# Home owner special



## rje (May 24, 2011)

Thought you guys might get a kick out of this... Lol

Homeowner says to me, I tried to hook it up with the stuff I had, can you take a look and fix it up for me. haha


----------



## Optimus Primer (May 20, 2009)

whats wrong with it?


----------



## SewerRatz (Apr 25, 2009)

That there is no home owner special, that was my work. I spent all day putting that together. I hope you did not mess it up.


----------



## Optimus Primer (May 20, 2009)

here is another of sewer ratz work of art


----------



## voltatab (Jan 2, 2010)

I'm actually impressed. That is cleeaaaann!


----------



## voltatab (Jan 2, 2010)

I can't stop laughing at those pics. Hahaha


----------



## alongston (Dec 27, 2010)

haha! These are great.
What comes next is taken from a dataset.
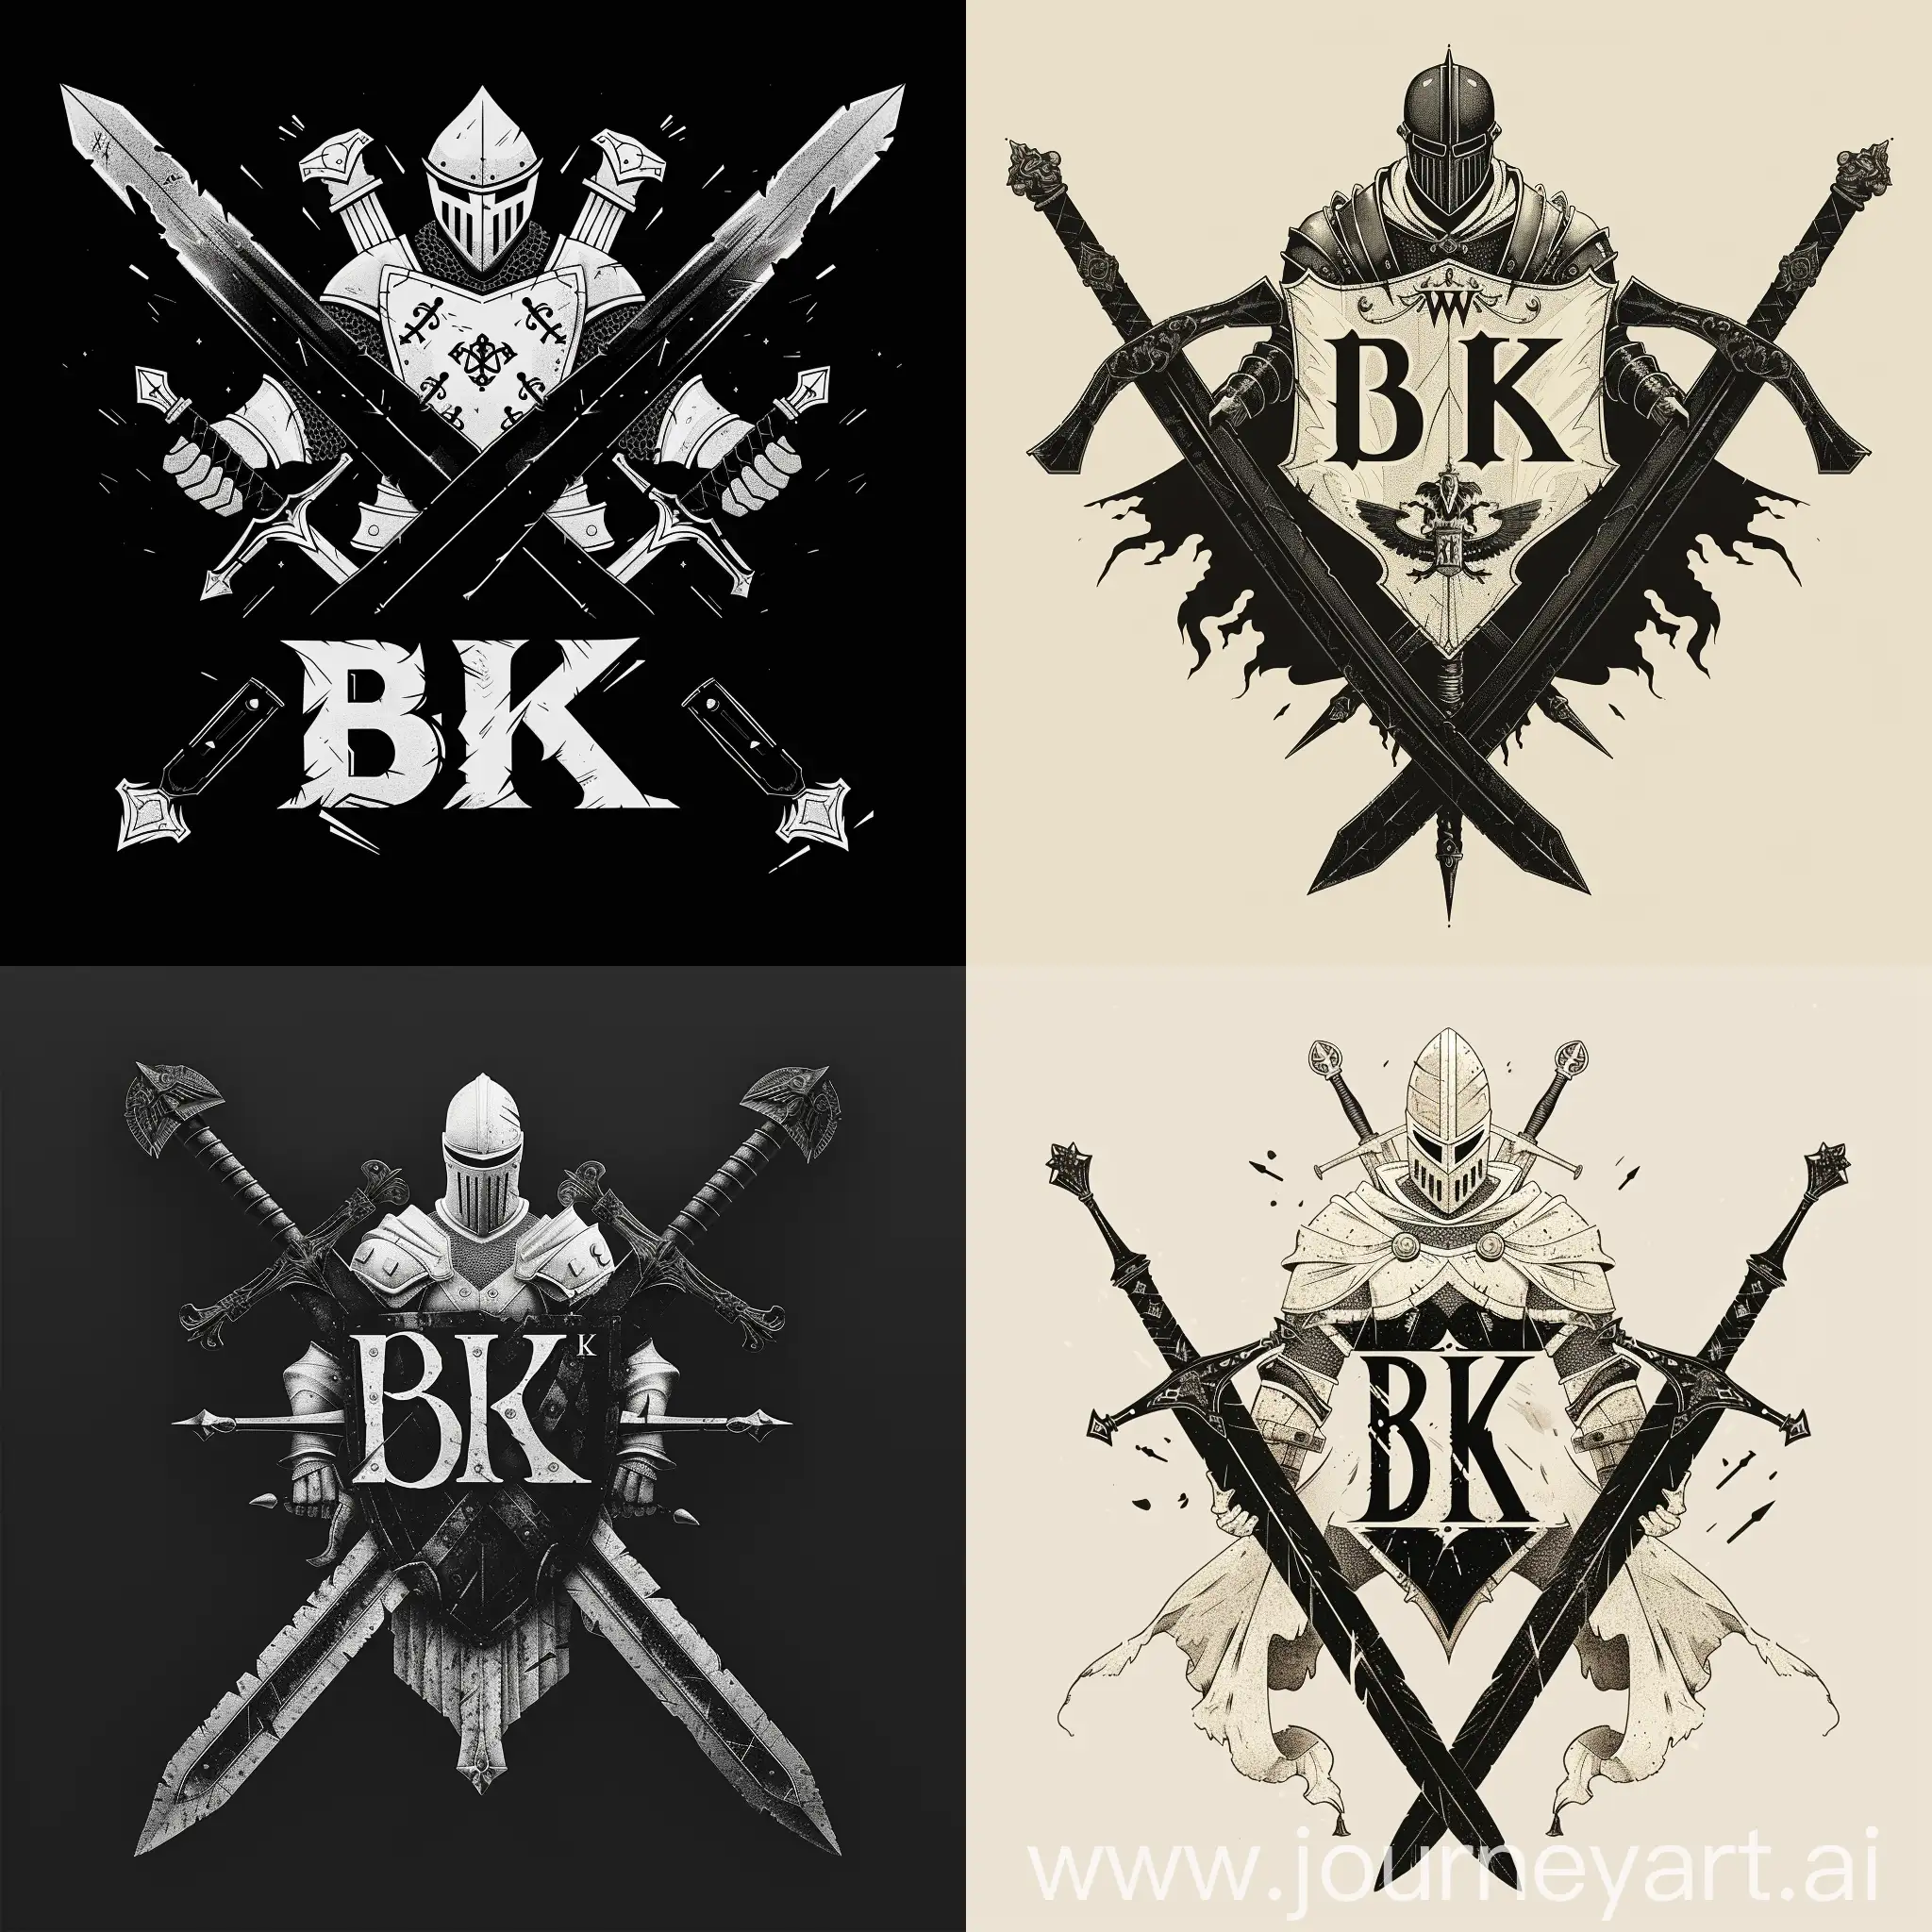 Black-Knight-Swords-Logo-Design-with-Gothic-Font

Thanks for the laugh!


----------



## Widdershins (Feb 5, 2011)

Use the Gravity, Obi Wan.

It's the Law.:laughing:


----------



## rocksteady (Oct 8, 2008)

In both of those pics there are extra parts lying near by that certainly could have been included in the sculpture.





Paul


----------



## Optimus Primer (May 20, 2009)

rocksteady said:


> In both of those pics there are extra parts lying near by that certainly could have been included in the sculpture.
> 
> 
> 
> ...


Funny thing is, mine was a double bowl so I'm sure he could have used that tee. The way he plumbed it he had only the left side hooked up


----------



## Widdershins (Feb 5, 2011)

house plumber said:


> Funny thing is, mine was a double bowl so I'm sure he could have used that tee. The way he plumbed it he had only the left side hooked up


 That's my tee.

Give it back.


----------



## Optimus Primer (May 20, 2009)

Widdershins said:


> That's my tee.
> 
> Give it back.


make me. i'll sell it to you


----------



## Widdershins (Feb 5, 2011)

house plumber said:


> make me. i'll sell it to you


 Don't make me have to get up and chase you down.

That would really hurt.:laughing:


----------



## Redwood (Sep 8, 2008)

rje said:


> Thought you guys might get a kick out of this... Lol
> 
> Homeowner says to me, I tried to hook it up with the stuff I had, can you take a look and fix it up for me. haha


That is a trombone trap covered in chapter 8, page 108 of my DIY book... :thumbup:


----------



## Plumberman (Jul 7, 2008)

Redwood said:


> That is a trombone trap covered in chapter 8, page 108 of my DIY book... :thumbup:


That takes some talent right there... That deserves...




----------



## RW Plumbing (Aug 16, 2010)

Redwood said:


> That is a trombone trap covered in chapter 8, page 108 of my DIY book... :thumbup:


Trombone trap I love it. My favorite plumbing trap is the good old radiator hose trap. Those coupled with a few fernco wyes work really well.


----------



## Redwood (Sep 8, 2008)

RW Plumbing said:


> Trombone trap I love it. My favorite plumbing trap is the good old radiator hose trap. Those coupled with a few fernco wyes work really well.


My favorite is the 2 into 1 disposer header pipe.....
Chapter 8, Page 111










Do you notice the similarity?


----------



## Sebastian Thoma (Jun 30, 2011)

You can put it in same way as you got out it. Also if you are not able to do then you have to call a plumber..... That is the only way to get rid of this problem.:thumbup:


----------



## Plumberman (Jul 7, 2008)

Sebastian Thoma said:


> You can put it in same way as you got out it. Also if you are not able to do then you have to call a plumber..... That is the only way to get rid of this problem.:thumbup:


Or we could call you and you could talk it in 


----------



## 422 plumber (Jul 31, 2008)

rje said:


> Thought you guys might get a kick out of this... Lol
> 
> Homeowner says to me, I tried to hook it up with the stuff I had, can you take a look and fix it up for me. haha


Look up chimptastic in Redwood's magnum opus and that's the picture for that entry.


----------